Dataset extract below:
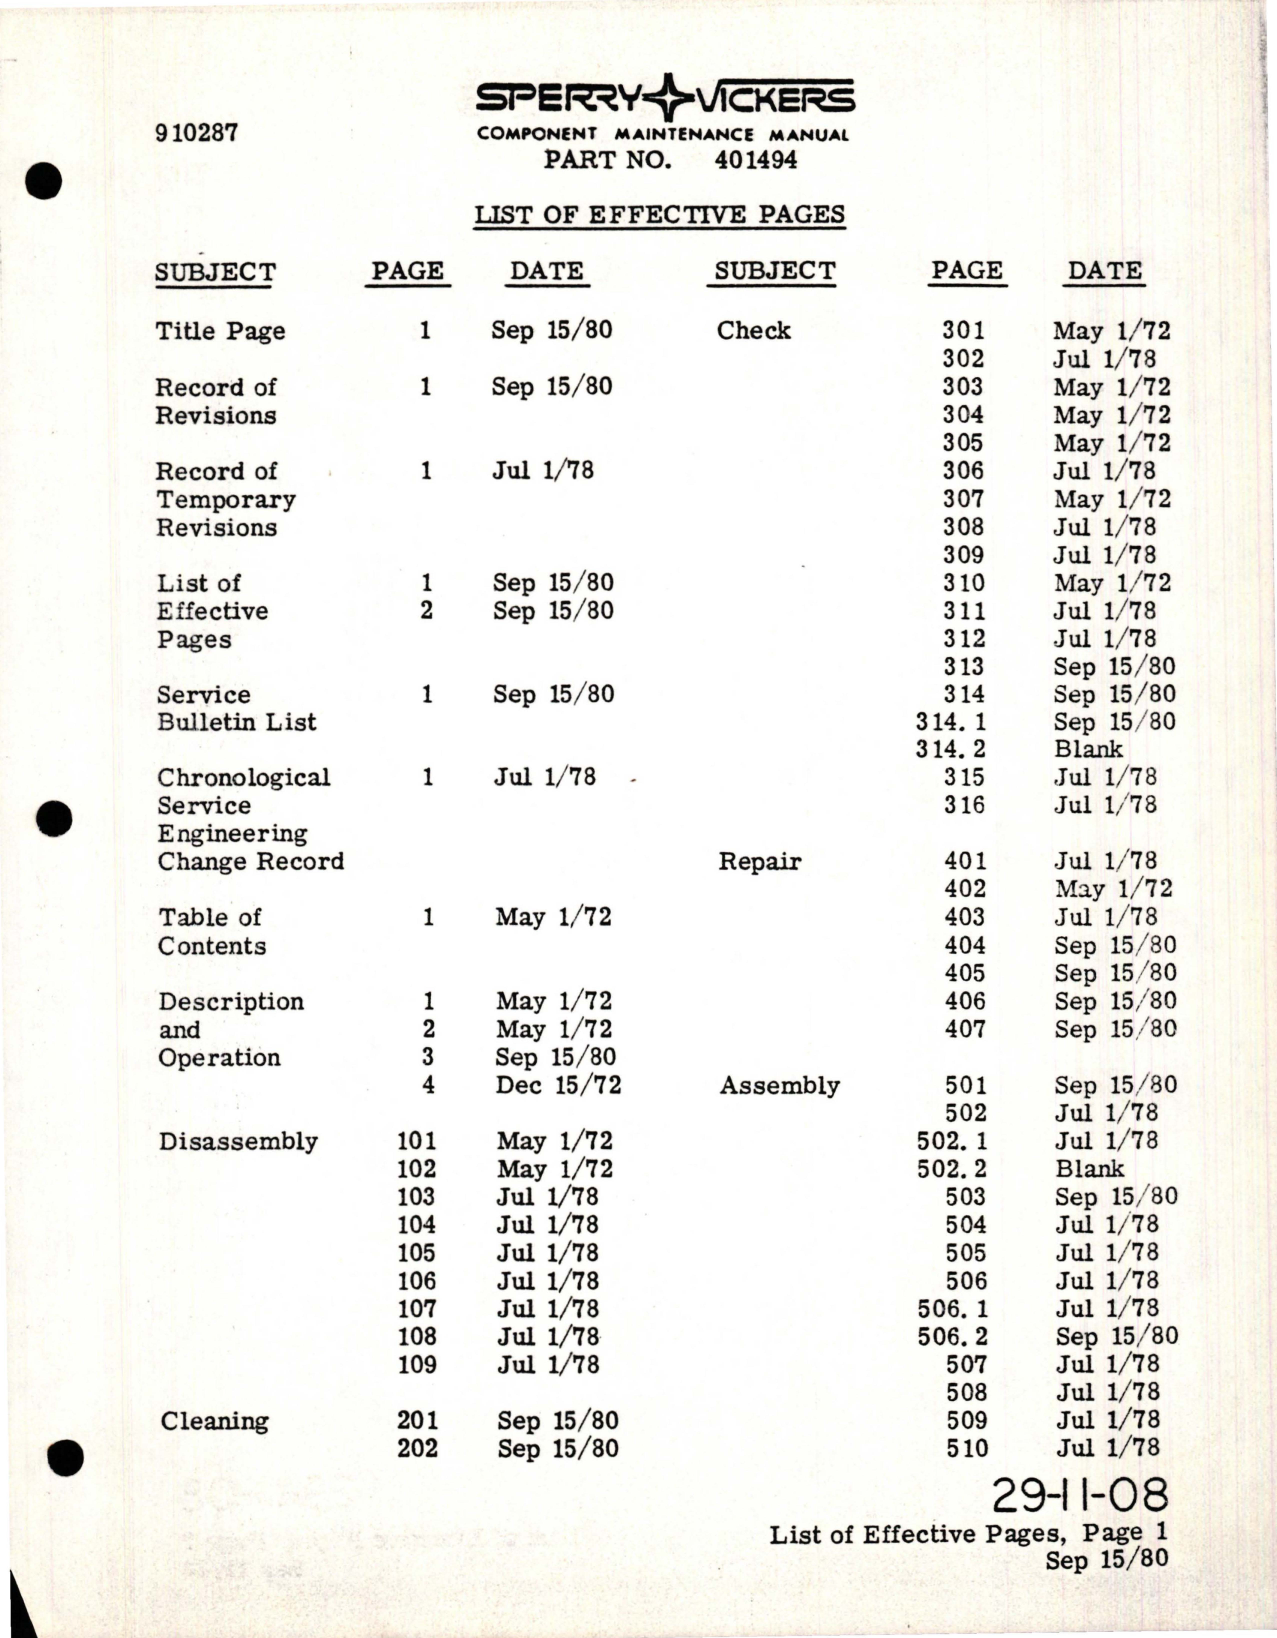 Sample page 7 from AirCorps Library document: Maintenance Manual with Illustrated Parts List for Variable Displacement Hydraulic Motorpump Assy - Model MPEV3-022-14C, MPEV3-022-14D, and MPEV3-022-14E
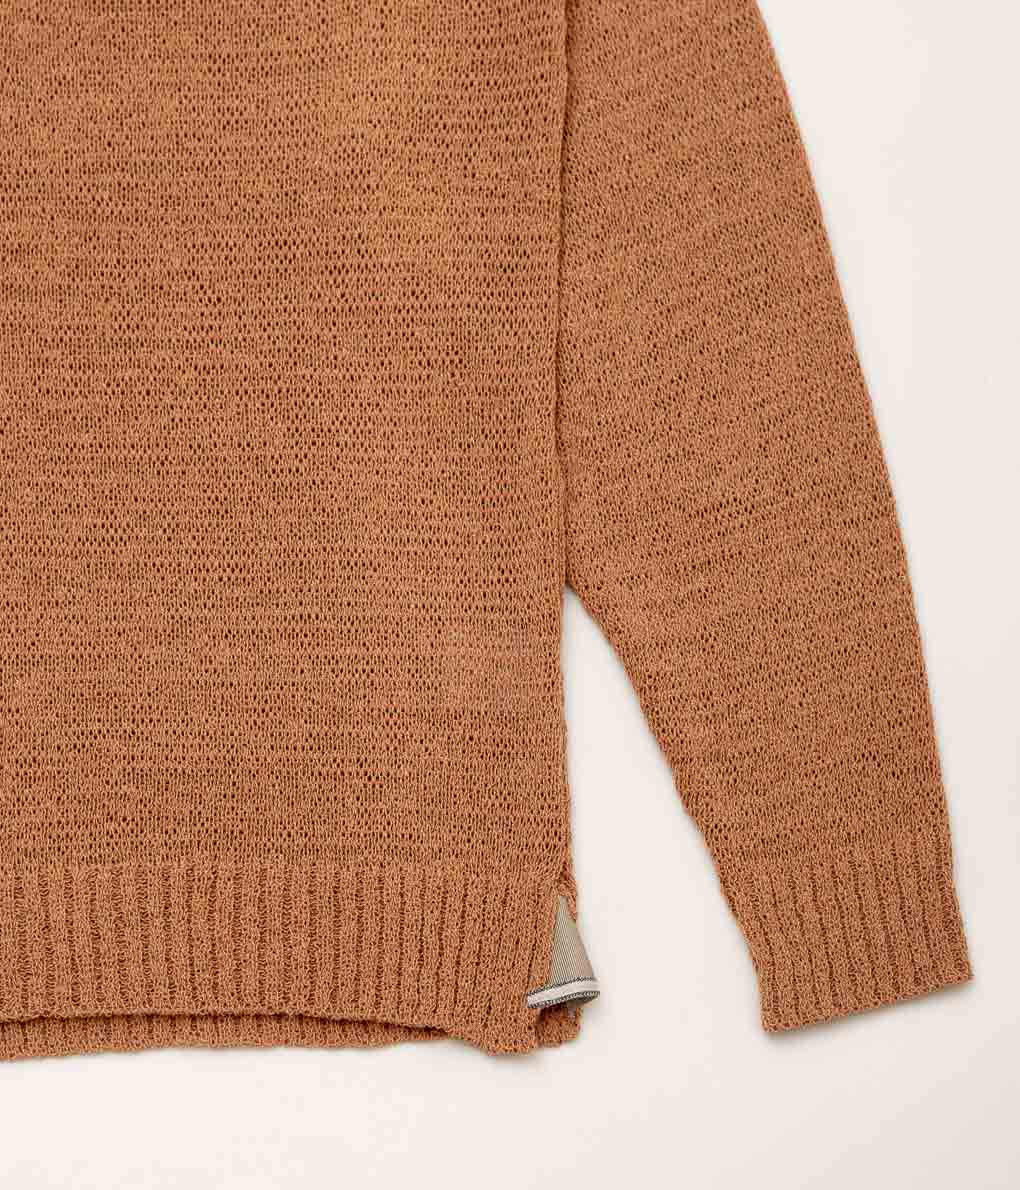 ANSNAM''TAPE YARN KNIT POLO''(BROWN)
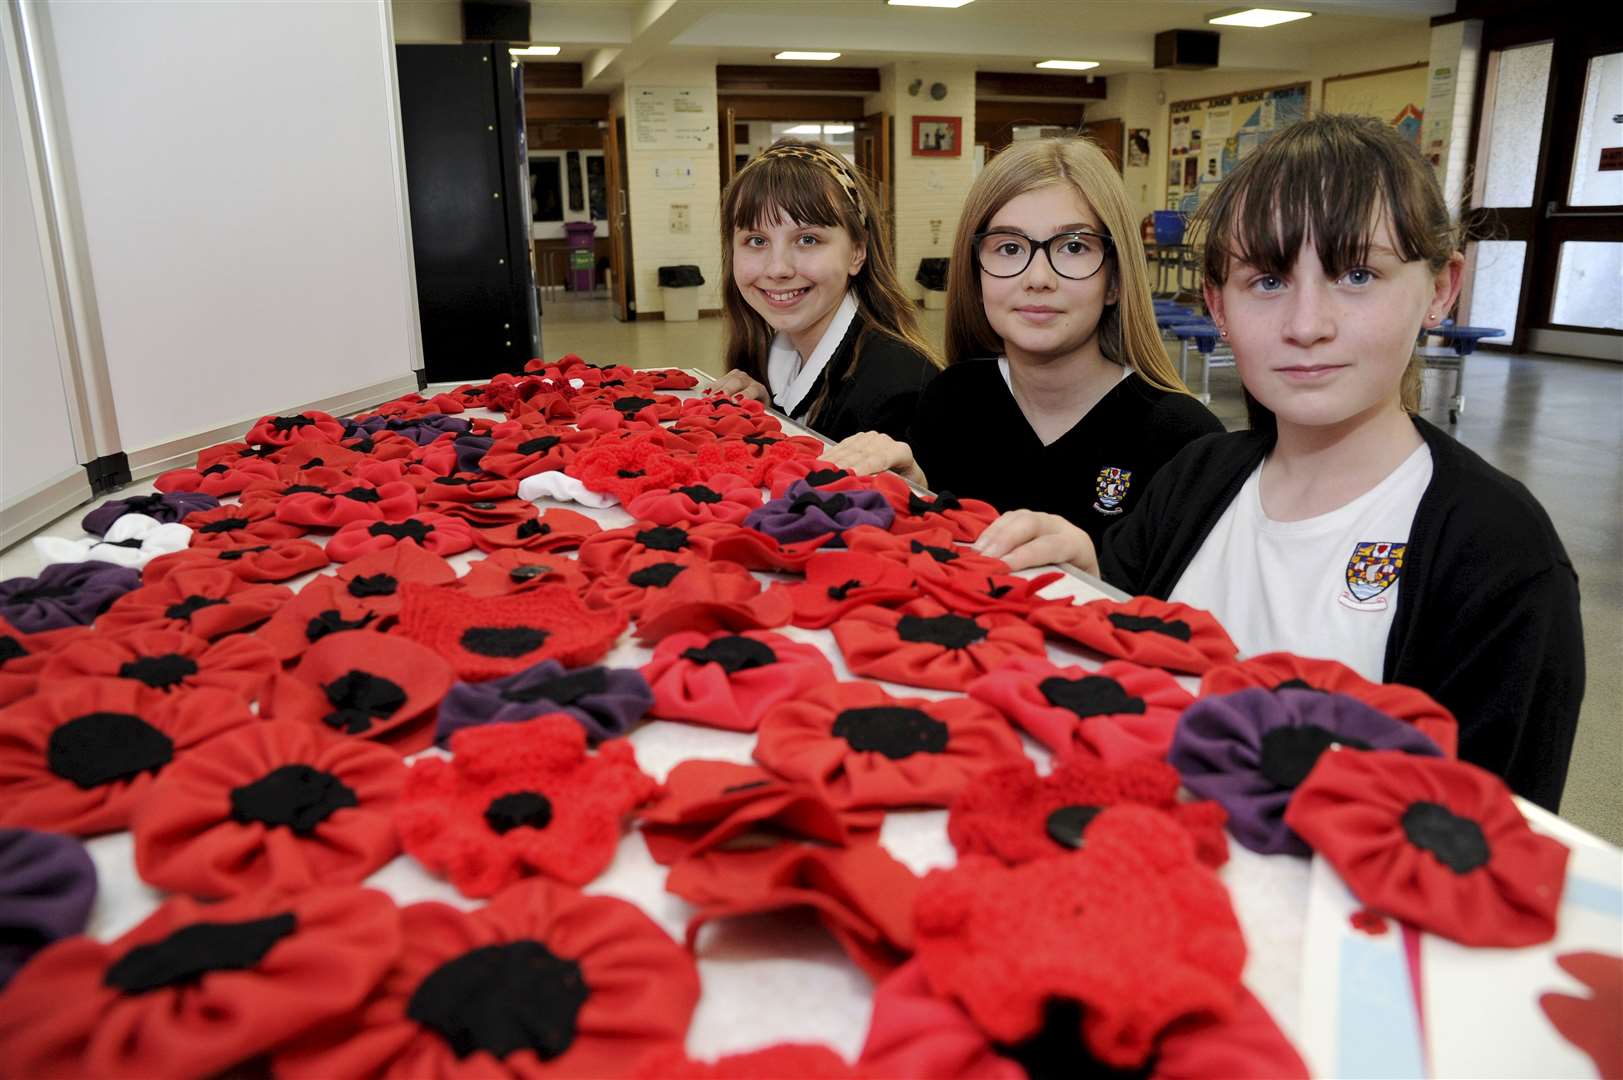 Admiring the school's poppy-making efforts are (from left) Sara McCormack, Erwin Mitchell and Maya Cormack. Picture: Eric Cormack.
End of Dataset extract.
Work instructions:
Output the material above word for word. Leave out its images.

Result of the task:
 Sample page 7 from AirCorps Library document: Maintenance Manual with Illustrated Parts List for Variable Displacement Hydraulic Motorpump Assy - Model MPEV3-022-14C, MPEV3-022-14D, and MPEV3-022-14E
 ANSNAM''TAPE YARN KNIT POLO''(BROWN)
 Admiring the school's poppy-making efforts are (from left) Sara McCormack, Erwin Mitchell and Maya Cormack. Picture: Eric Cormack.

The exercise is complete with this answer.